Another extension is to combine “term” searches with other terms that are likely to have a rich correlation with “term”. For example, if “term” is relevant to various scientific fields, search for “term” in conjunction with various scientific disciplines.
Algorithmically
My solution is to create an SQLite database that contains a table of search seeds.

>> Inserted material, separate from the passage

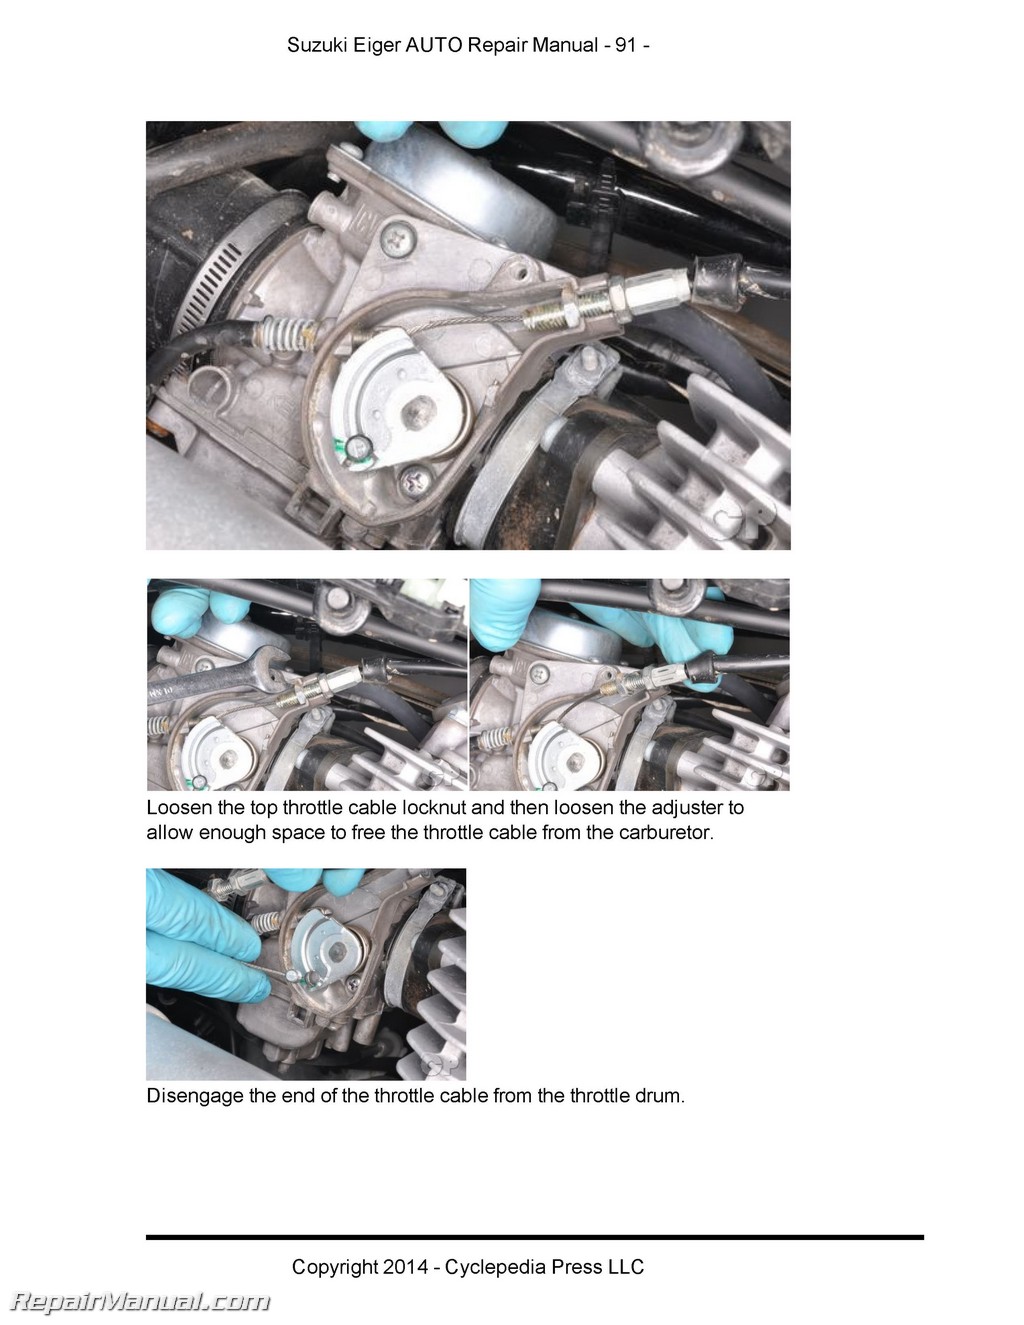 2002-2007 Suzuki Eiger 400 Service Repair manual on CD FREE SHIPPING 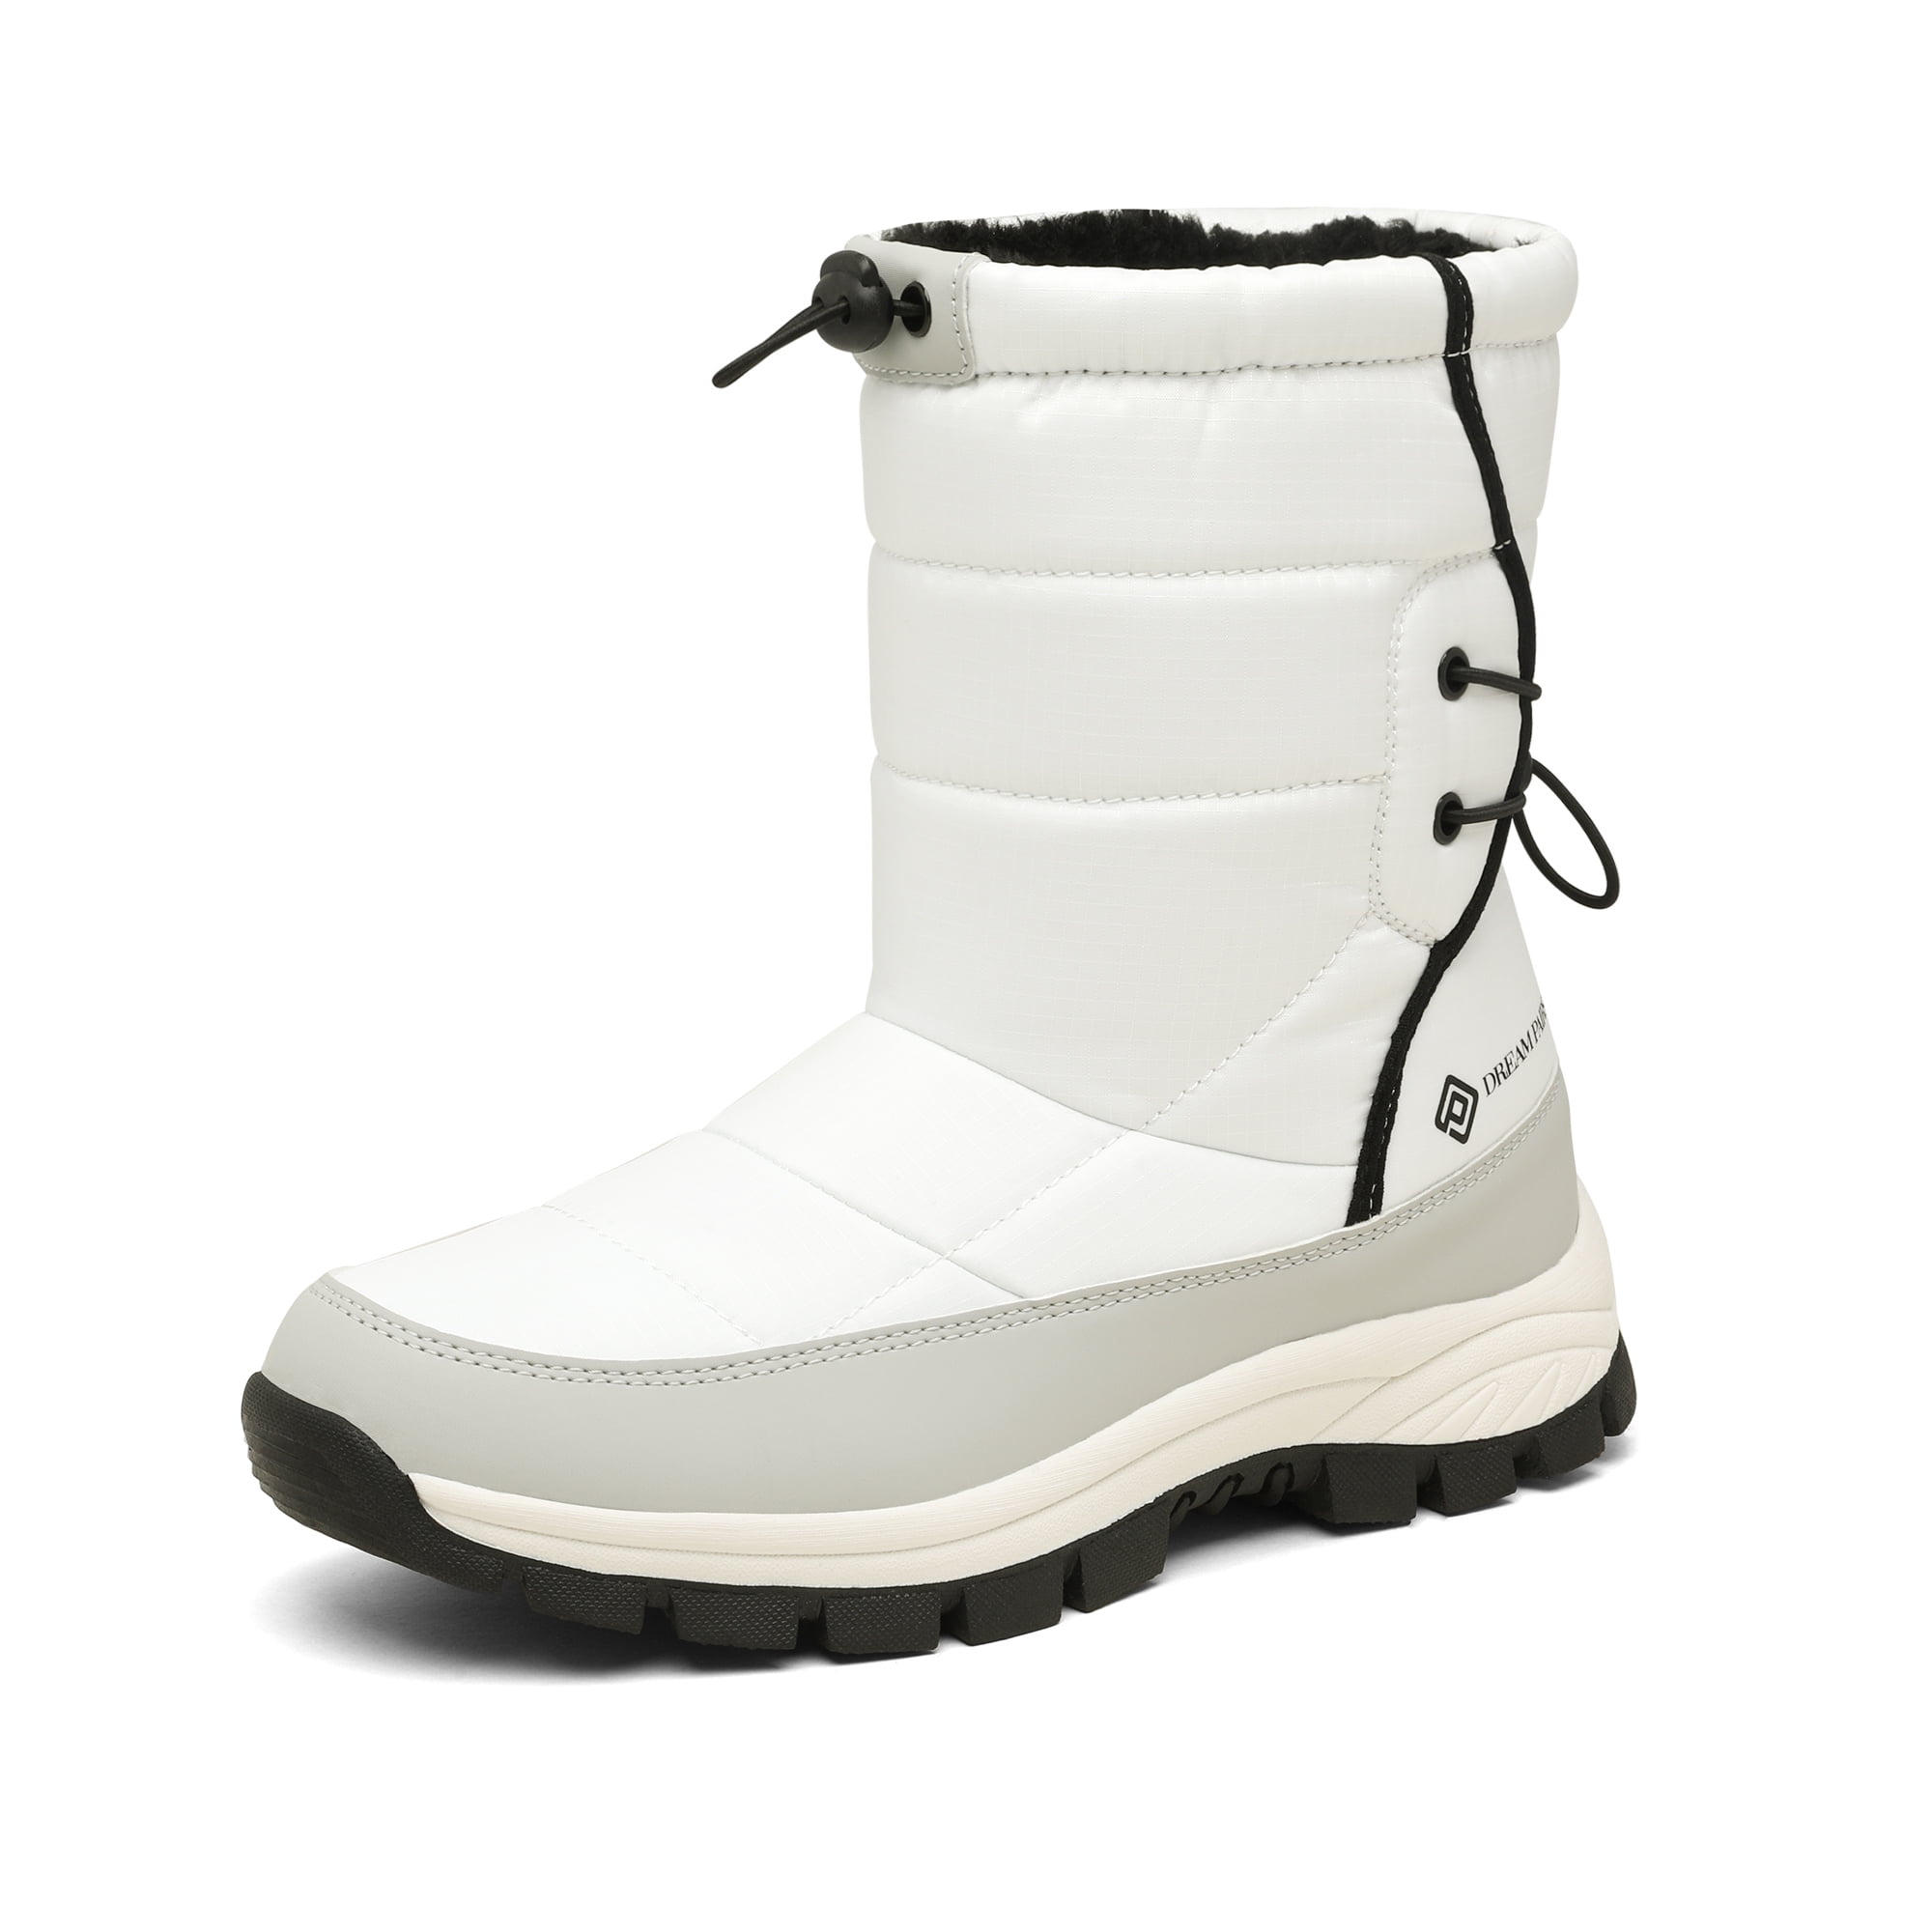 DREAM PAIRS Women’s Winter Snow Boots Waterproof Lightweight Warm ...

Each seed is essentially a “site :” string combined with a starting index.Each TLD and sub-TLD is inserted as a searchseed record with a starting index of 0.
A script performs the following crawling algorithm :
- Fetch the next record from the searchseed table which has not been crawled
- Fetch search result page from Google
- Scrape URLs from page and insert each into URL table
- Mark the searchseed record as having been crawled
- If the results page indicates there are more results for this search, insert a new searchseed for the same seed but with a starting index 100 higher
Digging Into Sites
Sometimes, Google notes that certain sites are particularly rich sources of “term” and offers to let you search that site for “term”. This basically links to another search for ‘term site:somesite”. That site gets its own search seed and the program might harvest up to 1000 URLs from that site alone.Harvesting the Data
Armed with a database of URLs, employ the following algorithm :- Fetch a random URL from the database which has yet to be downloaded
- Try to download it
- For goodness sake, have a mechanism in place to detect whether the download process has stalled and automatically kill it after a certain period of time
- Store the data and update the database, noting where the information was stored and that it is already downloaded
This step is easy to parallelize by simply executing multiple copies of the script. It is useful to update the URL table to indicate that one process is already trying to download a URL so multiple processes don’t duplicate work.
Acting Human
A few factors here :- Google allegedly doesn’t like automated programs crawling its search results. Thus, at the very least, don’t let your script advertise itself as an automated program. At a basic level, this means forging the User-Agent : HTTP header. By default, Python’s urllib2 will identify itself as a programming language. Change this to a well-known browser string.
- Be patient ; don’t fire off these search requests as quickly as possible. My crawling algorithm inserts a random delay of a few seconds in between each request. This can still yield hundreds of useful URLs per minute.
- On harvesting the data : Even though you can parallelize this and download data as quickly as your connection can handle, it’s a good idea to randomize the URLs. If you hypothetically had 4 download processes running at once and they got to a point in the URL table which had many URLs from a single site, the server might be configured to reject too many simultaneous requests from a single client.
Conclusion
Anyway, that’s just the way I would (and did) do it. What did I do with all the data ? That’s a subject for a different post.